User interface changes

API changes

Data model changes

Comments

Mile23 created an issue. See original summary.

Mile23’s picture

Issue summary: View changes
Mile23’s picture

Note that Build::executeBuild() says this:

    catch (BuildTaskException $e) {
      $this->saveBuildState($e->getMessage());
      return 2;
    } finally {

That is, it always returns 2 for an exception.

Mixologic’s picture

That is, it always returns 2 for an exception.

Right, thats what we want.

This:

All drupalci code should strive to avoid ‘CI Error’ at D.O level. ‘CI Error’ comes from drupalci returning anything other than 0.

Reads funny.

It is only *currently* that way, because anything other than 0 causes jenkins to FAIL the build. Drupal.org does not *currently* know what to do with FAILURE.

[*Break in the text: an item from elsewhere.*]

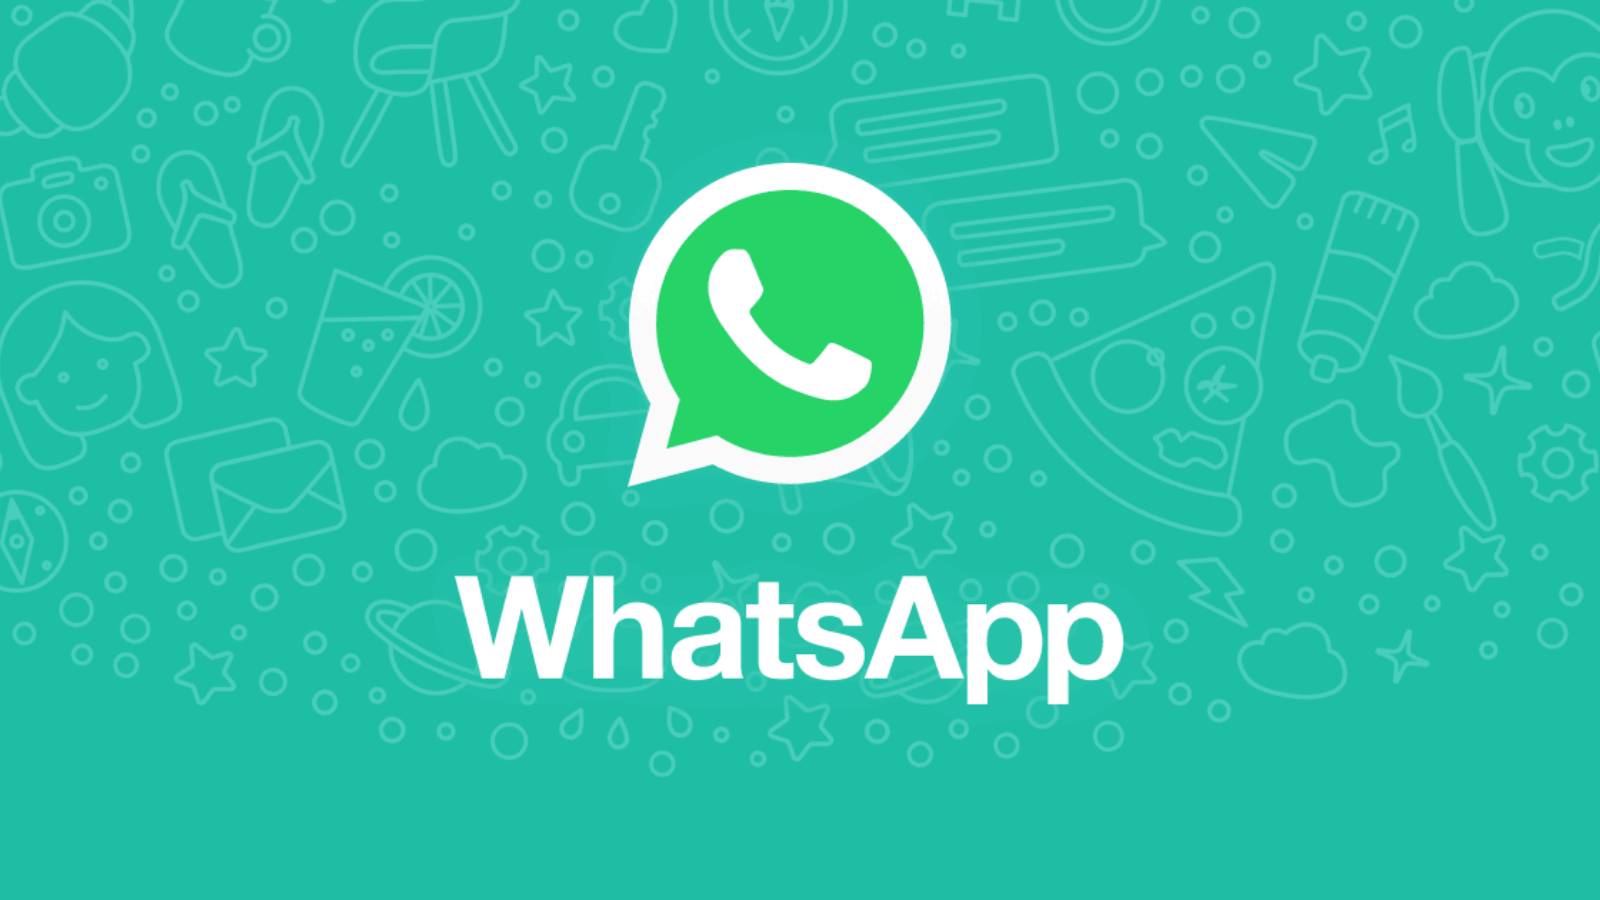 WhatsApp Anunta OFICIAL Lansarea SCHIMBARI Majore iPhone Android

So, We first have to give drupal.org something it can use when it sees FAILURE - i.e. buildstate.json needs to be populated with a short message describing the nature of the failure: Patch Failed to Apply, PHP syntax Error, Composer Require Error, etc etc.

Second thing is change drupal.org to not just default to CI ERROR when it sees FAILURE. It should see FAILURE and then parse buildstate.json and display that message Instead of "DrupalCI Error"

Then, once that is working, we can return to having drupalCI spit out proper signal responses. I..e it should always spit out a 2 if there is a BuildTaskException, and 1 if there were failed assessments, and 0 if everything is hunky dory. And probably something other than 0, 1, or 2 if a portal in the spacetime continuum opens up to unlighted chambers beyond time and space amidst the muffled, maddening beating of vile drums and the thin monotonous whine of accursed flutes, and Azathoth gets up off his throne and declares a segfault.

Mixologic’s picture

Re-reading it seems like you were already saying what I said. Carry on.

Mixologic’s picture

Assigned: Unassigned » Mixologic

Im gonna take a quick stab at this. It was actually listed on my sprint as a thing to do before next week anyhow.

  • Mixologic committed 342cddf on 2843592-build-results-messaging
    Issue #2843592: Refactors all instances of exception throwing in...
  • Mixologic committed aeca661 on 2843592-build-results-messaging
    Issue #2843592: Adds a BuildResult object, tweaks buildException to have...
Mixologic’s picture

Title: [plan] Normalize on signal and error reporting » Normalize on signal and error reporting
Assigned: Mixologic » Unassigned
Category: Plan » Task
Status: Active » Needs work

Okay, I havent actually ran any tests on this yet, but I did wanna get this WIP out there.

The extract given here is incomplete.